Then she reappeared.
“Don’t tell me,” I said. “Now he does want to see me.”
As I went past her the temptation to tickle her became almost overmastering. I mastered it and walked in.
Captain Forestier got up as I came in. He did not come forward and shake hands nor did he offer me an easy chair. Not a chummy sort of man, I suspected. He had a brick red face under startlingly light, reddish hair, and light blue eyes. He was in mufti, but I am quite certain that his medal ribbons could have stretched from here to there.
“Well?”
It was a voice which had made roomfuls of recruits jump to attention.
“What about asking me to sit down?” I said.
He never batted an eyelid.
“I’ll ask you to sit down when I think you’ve got anything to say to me.”
“Don’t be silly,” I said. There was only one spare chair in the room, so I annexed it. “If you hadn’t thought that I might have something to say to you, you’d never have let me in. Little Pussykin would have told a white lie and said you were in conference.”
He flexed himself once or twice on the balls of his feet, like an athlete who’s about to go for a standing jump record, and said, “I’ll give you three minutes.”
I resisted the temptation to say, “You’ll give; me just as long as it takes.” There was no sense in annoying him unnecessarily. I said, “I’m Philip.”
“I see.” The Captain lowered himself very cautiously into his chair, as if he expected it to bite him, and said, in a very slightly less aggressive voice: “Good of you to come round. Incidentally, why here?”
“I asked your bloodhound. The second one.”
“And he told you?”
“Under duress. I threatened to report him for molesting me.”
“And was he?”
“Not actually molesting, no. But he’s been following me about all this morning. Yesterday it was your other bloodhound. The small one, with the long nose. He was much better at it. He picked me up in Printing House Square, and followed me down to Twickenham – or did he?”

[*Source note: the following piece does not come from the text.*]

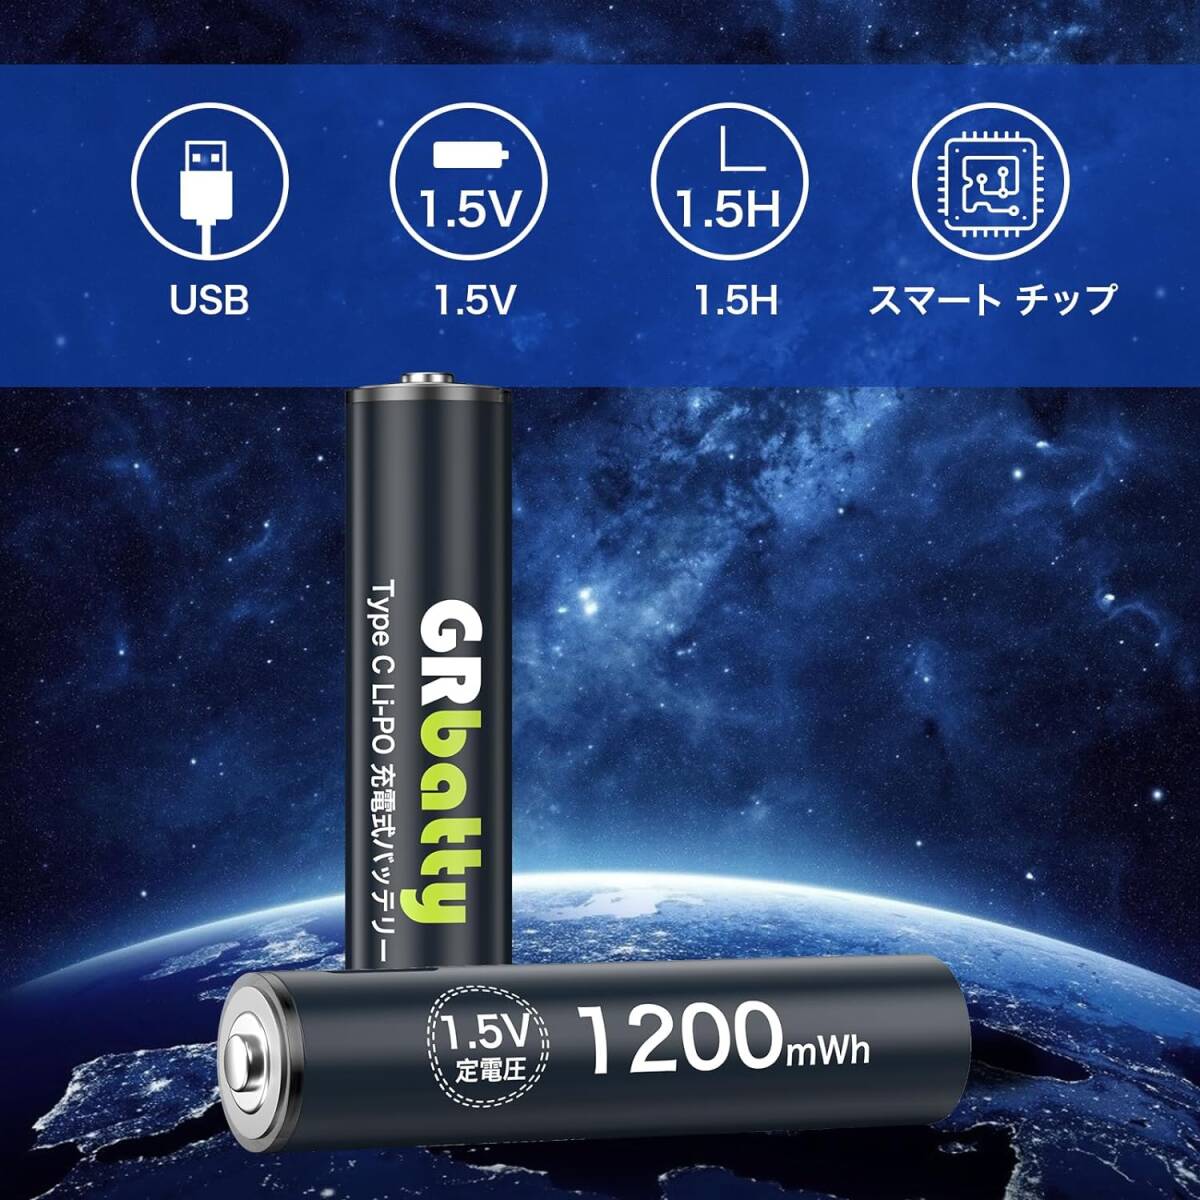 USB single 4 shape lithium battery *8 GRbatty single 4 shape lithium battery USB direct charge single four battery (1200mWh*8) set 1.5V

“I’m afraid you walked him off his feet. He had to give up at Kew.”
“How very unenterprising. He could have taken a taxi.”
“Not across Richmond Park.”
“Provoking. So you still don’t know who Henry is.”
“I expect we shall locate him in due course,” said Captain Forestier, very smoothly. “But it really doesn’t matter now, as you had the good sense to come straight to us.”
“Fair enough,” I said. “Now suppose you tell me what it’s all about.”
“I’m afraid that’s quite impossible,” said Captain Forestier, seriously.
I controlled myself.
“Is Studd-Thompson officially involved?”
“No. And even if he had been—”
“You can trust him, but you can’t trust me. Is that it?”
“I’m sure Studd-Thompson is an excellent man in his own line,” said the Captain. “But he wasn’t in my department. He was only on loan to us, you know, from the Foreign Service.”
The way in which this was said made several things absolutely plain to me.
First, that as a dyed-in-the-wool Intelligence operative he resented having a stray character from the Foreign Service wished on to him; secondly, that Colin had already managed to put his back up; thirdly, that he regarded Colin’s advertisement as something between a howling indiscretion and actual treason; and fourthly and lastly, that he loved me not at all, but was prepared to tag along with me just long enough to see whether I was going to be a good boy or another Colin. It’s remarkable what a trained Secret Service man can give away in a couple of sentences.
“Tell me something,” I said. “I suppose this is all pretty confidential.”
He looked at me as if he hardly believed in my existence. Then he said: “You don’t know a lot about this sort of thing do you?”
“I did get mixed up in it once,” I said. “Not enough to teach me anything, except to dislike it.”